Getting Support at School
Anxiety doesn’t pause during the school day, and your child may need accommodations to function well in the classroom. Under Section 504, schools are required to provide modifications for students whose anxiety disorder substantially limits a major life activity, including learning.
Accommodations for an anxious first-grader might include extra time on tests or the option to take them in a quieter location, alternatives to large group activities, permission to take breaks from class as needed, and flexibility around late arrivals or missed work when anxiety symptoms are the cause. These modifications are individualized. One child with separation anxiety might need their lunch scheduled at the same time as a sibling in another grade. Another child with social anxiety might need access to a private space to eat. Talk to your child’s teacher and school counselor about what your child specifically struggles with during the day, and request a 504 evaluation if informal supports aren’t enough.
When and How to Get Professional Help
Cognitive-behavioral therapy (CBT) is the first-line treatment for childhood anxiety disorders and has strong evidence behind it for kids as young as 3. For 6-year-olds, CBT is often delivered through play-based methods: games, puppets, drawing, and storytelling rather than sitting and talking about feelings. The therapist helps your child identify anxious thoughts, challenge them, and practice braver behaviors in a safe setting.
Medication (typically SSRIs) also has evidence supporting its use in children with anxiety, but therapy is generally tried first, especially for younger kids.
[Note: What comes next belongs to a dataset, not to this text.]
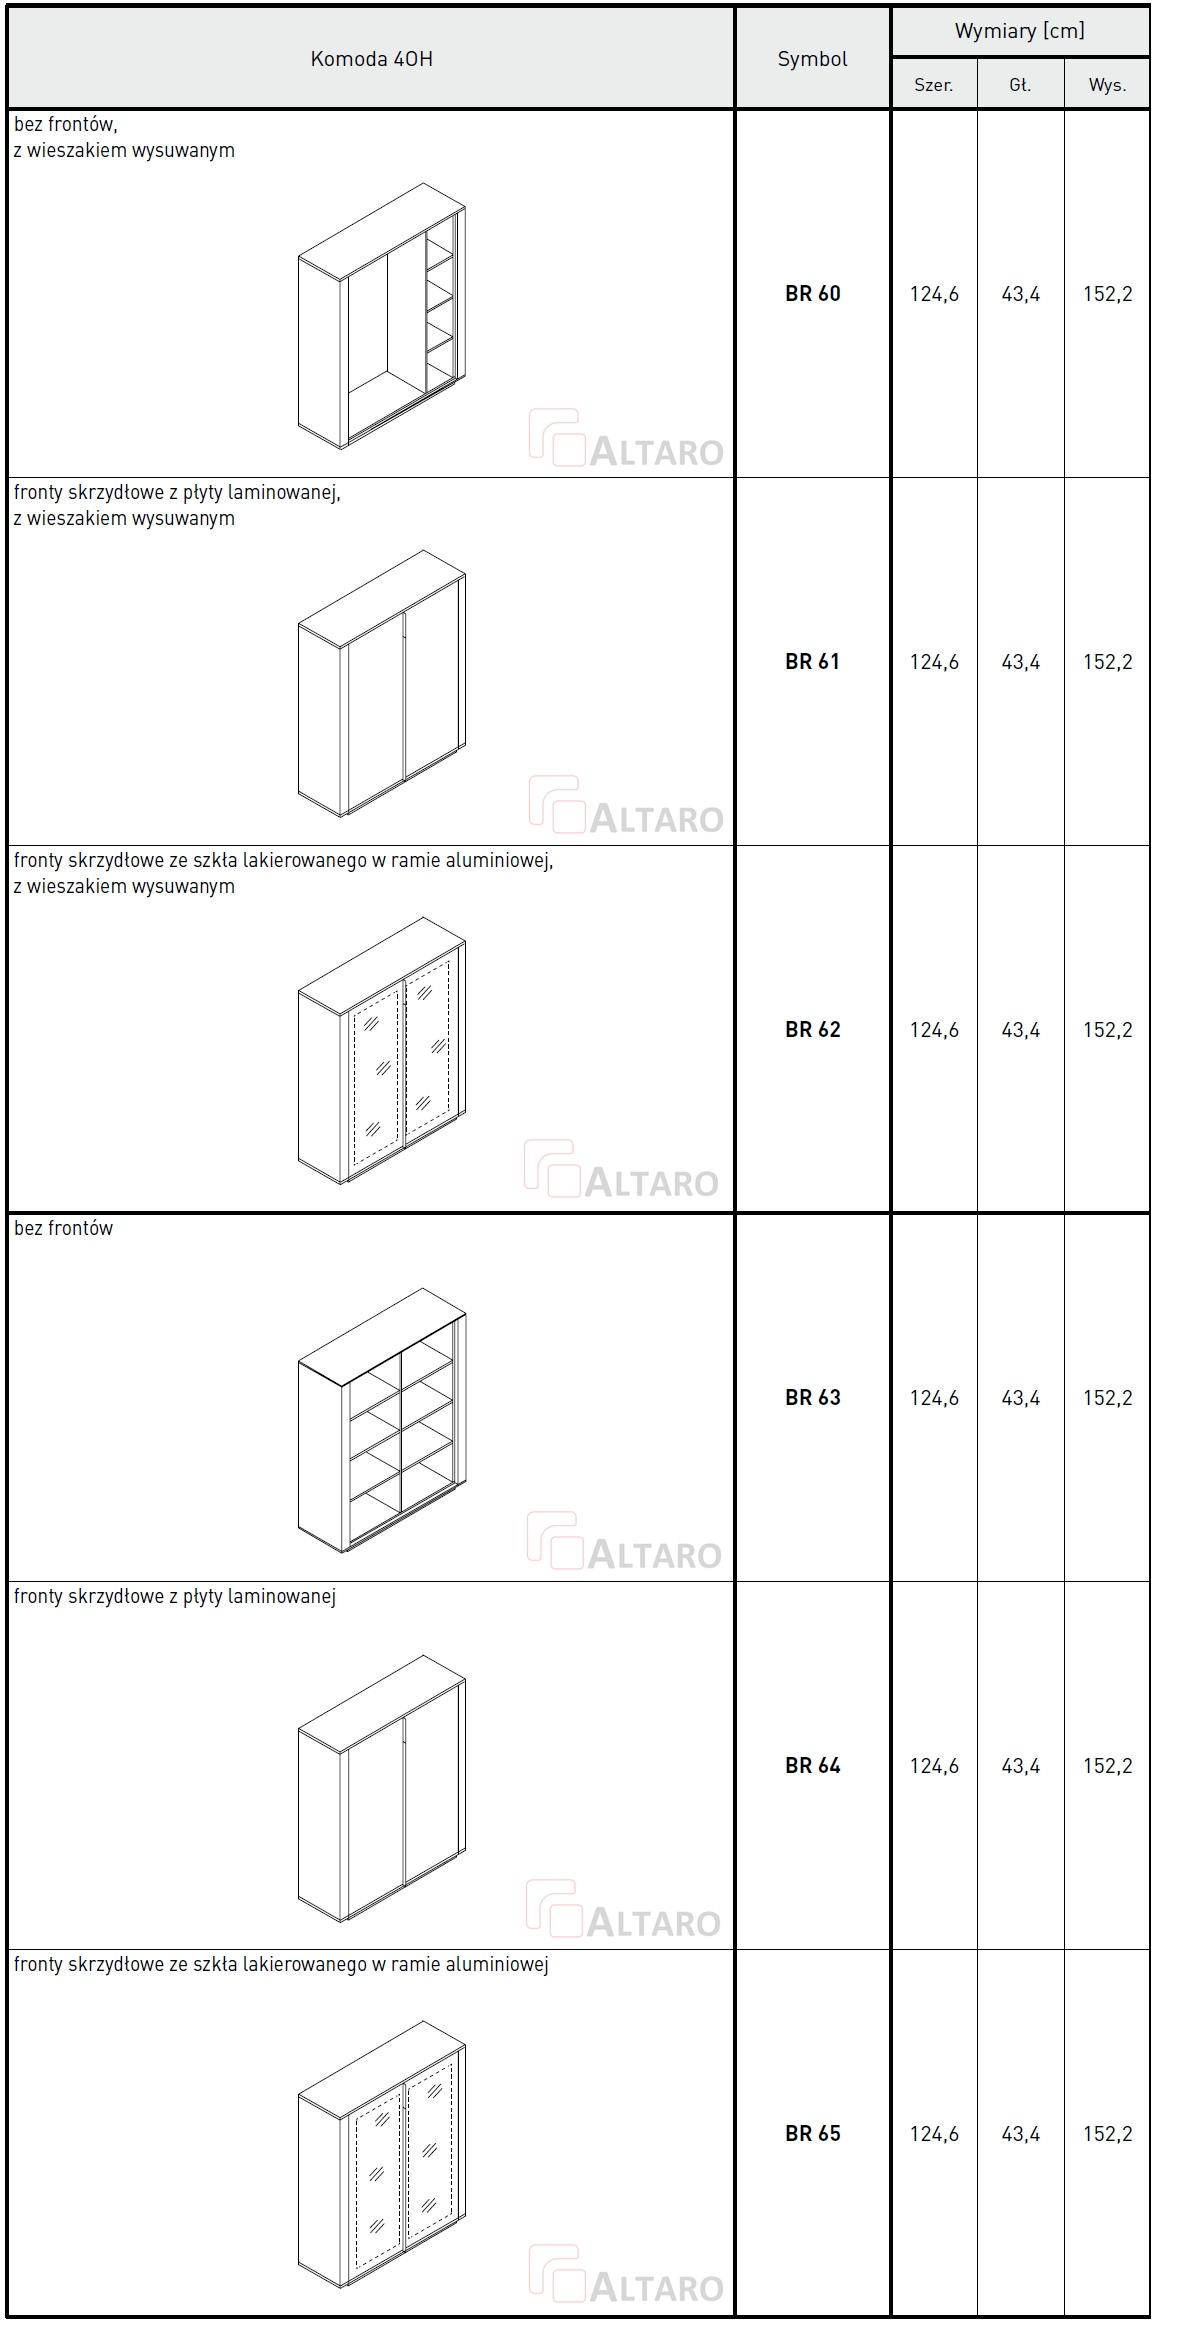 meble gabinetowe BRAND katalog v10 ALTARO
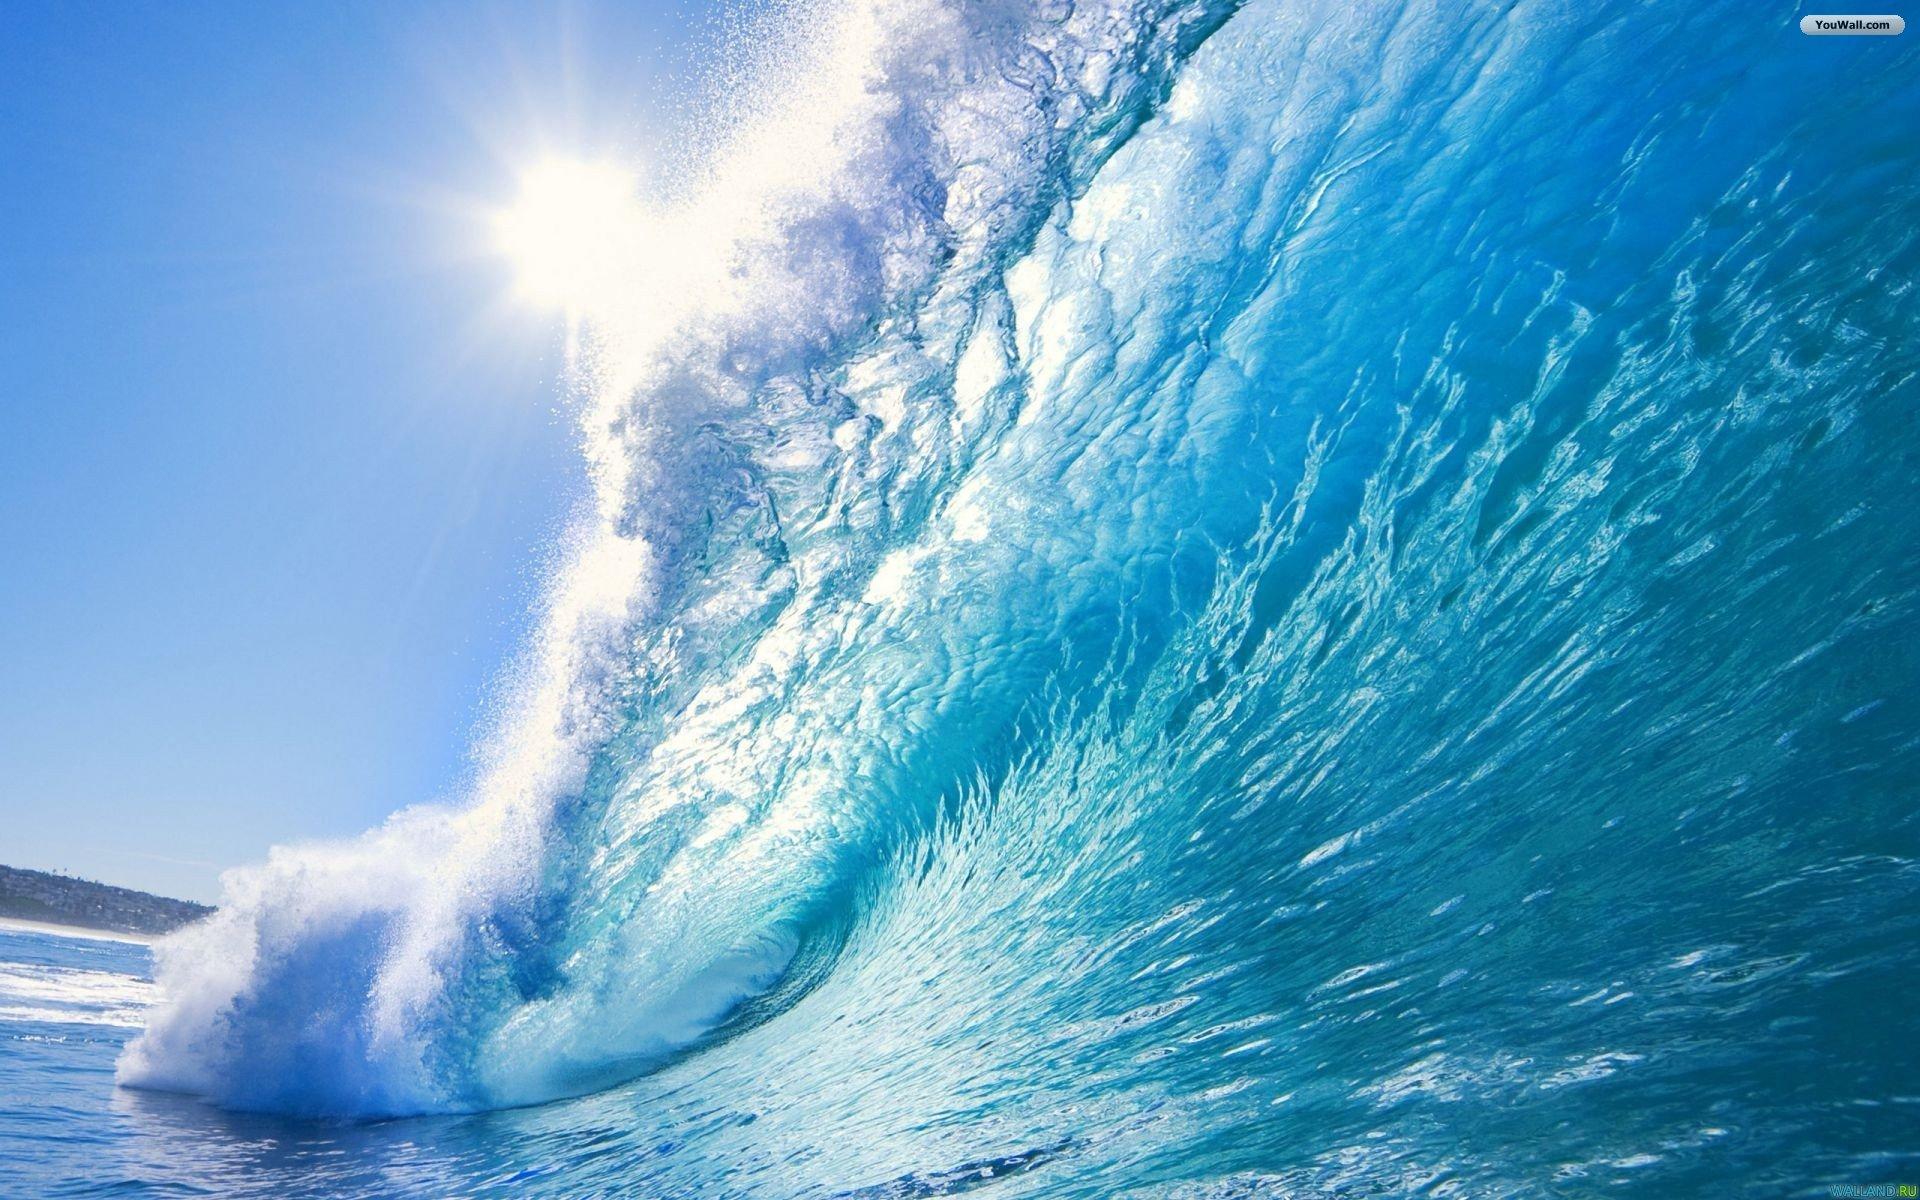 Ocean Waves Beach Wallpaper Ocean Wave Wallpaper 1920x1200

A combination of therapy and medication has shown strong results when therapy alone isn’t enough.
Consider seeking a professional evaluation if your child’s anxiety has persisted for more than a month or two, if it’s getting worse rather than better, if they’ve lost skills they previously had, or if it’s interfering with school, friendships, or family life. A pediatrician can screen for anxiety and refer you to a child psychologist or psychiatrist. You don’t need to wait until things are severe. Early intervention for childhood anxiety has consistently better outcomes than waiting.